Winning the war on terrorism requires clear guidelines for data collection, use, and dissemination. The failure of our law enforcement and intelligence agencies to predict and prevent the attacks of September 11, 2001, was powerful evidence of the need for reform of U.S. counterterrorism efforts. Unfortunately, in the government's reaction to September 11 central elements of developing policy have been both dangerous to civil liberties and unlikely to improve national security. In particular, the tendency by legislators and executive branch officials to loosen limits on domestic spying and to weaken oversight mechanisms fundamentally undermines the efficacy of Constitutional checks and balances. The hijackers did not evade detection because of rules intended to guide the efforts of intelligence and law enforcement agencies and to prevent the chilling of activities protected by the First Amendment, although some of these rules have been misunderstood and misapplied in perverse ways. As we seek to improve intelligence collection, sharing, and analysis, it is necessary to set reasonable guidelines for the FBI, the CIA, and the new Department of Homeland Security and to enforce them though judicial and Congressional oversight. Such guidelines are as important to the prevention of terrorism as they are to the protection of civil liberties.

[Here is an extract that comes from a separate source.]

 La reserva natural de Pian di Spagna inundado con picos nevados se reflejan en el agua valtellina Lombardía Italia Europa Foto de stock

One response to September 11 has been the loosening of rules on information collection through electronic and other means. But casting a wider net and collecting massive volumes of information without direction is not justified by what we know about government activity before September 11. The joint investigation into September 11 by the Congressional intelligence committees identified no pre-9/11/01 legal barriers that needed to be lifted for the government to collect the information necessary to prevent terrorism. Nor did an independent task force commissioned by the Markle Foundation identify such a need. (1) Instead, a primary lesson drawn by Congressional and other inquiries into the September 11 intelligence failure is that the government did not make good use of the information it had already collected and failed to utilize information-sharing authorities at its disposal. Granting the government broader authority to collect vastly greater volumes of information without particularized suspicion could exacerbate this problem. Collecting more information will not catch terrorists if the information is irrelevant because it has been acquired without deliberate targeting.

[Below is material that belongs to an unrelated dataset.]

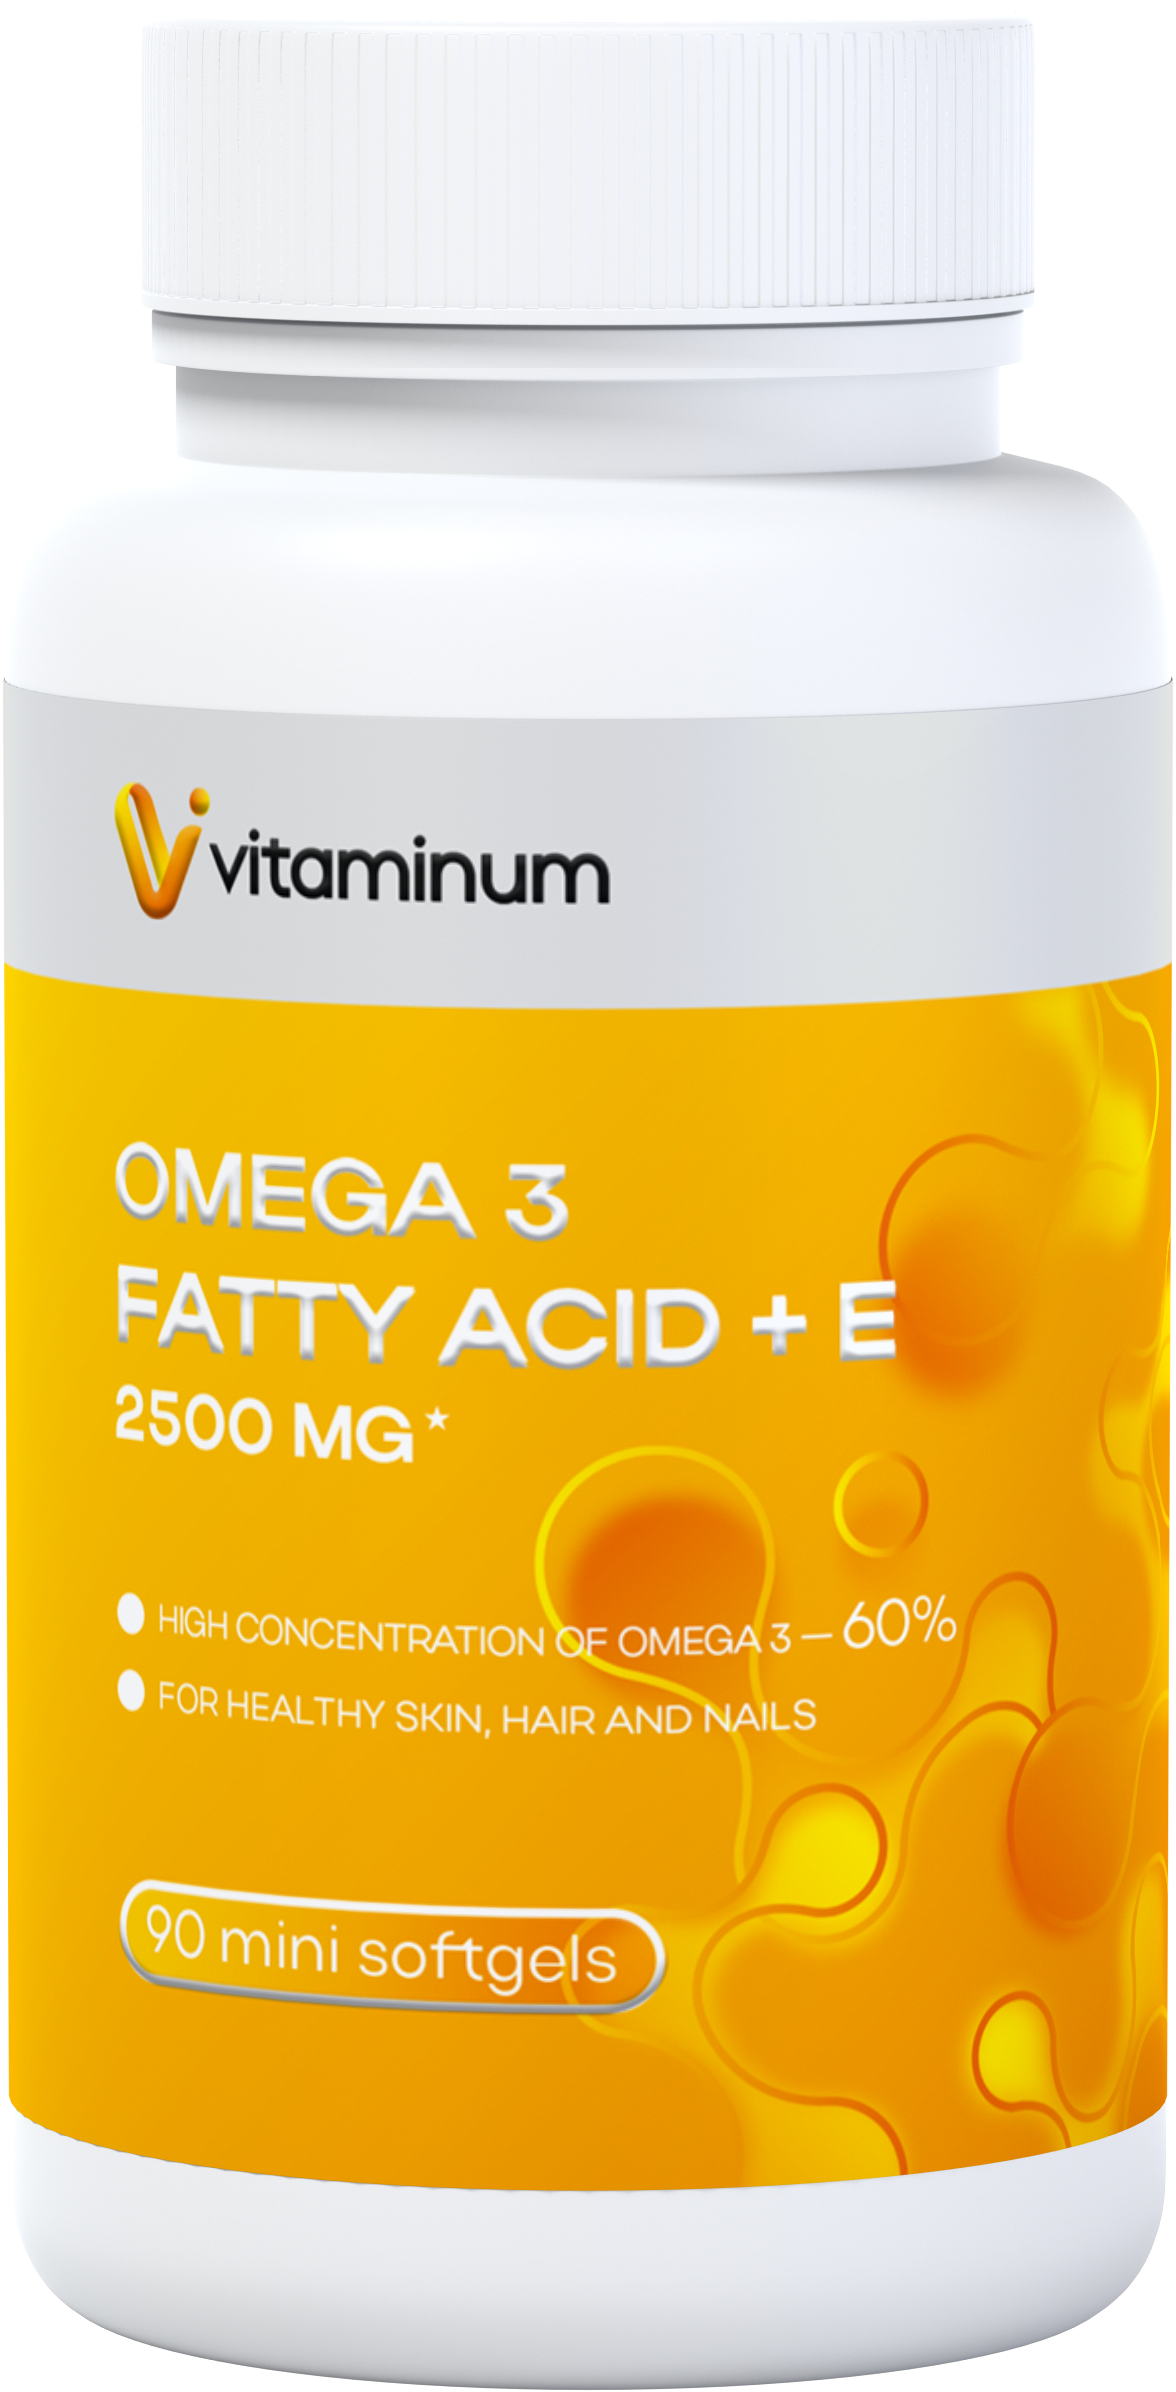  Vitaminum ОМЕГА 3 60% + витамин Е (2500 MG*) 90 капсул 700 мг   в Янауле

The war on terrorism will be aided, not hampered, by respect for core Constitutional values: the First Amendment rights to assembly, speech, and the exercise of religion; due process, especially the right to confront the charges and accusers against oneself in a court open to public scrutiny; and privacy. By "privacy," we mean fair information principles that not only protect personal dignity, but also ensure the accuracy of information as the government collects and draws inferences from the ocean of data produced by the digital revolution.
The Relationship Between Law Enforcement and Intelligence
Our nation has traditionally drawn distinctions between law enforcement and foreign intelligence, and between agencies operating domestically and those focused overseas. Sometimes these distinctions have been seen as creating a "wall" that has prevented the useful sharing of information and other forms of collaboration among various agencies. One theme of the Patriot Act--officially entitled the Uniting and Strengthening America by Providing Appropriate Tools Required to Intercept and Obstruct Terrorism Act--was to break down the "wall" between law enforcement and intelligence.
In fact, there was never just one wall. As the Congressional inquiry into September 11 found, there were really many walls, built between and within agencies over the past sixty years as a result of various legal, policy, institutional, and individual factors. …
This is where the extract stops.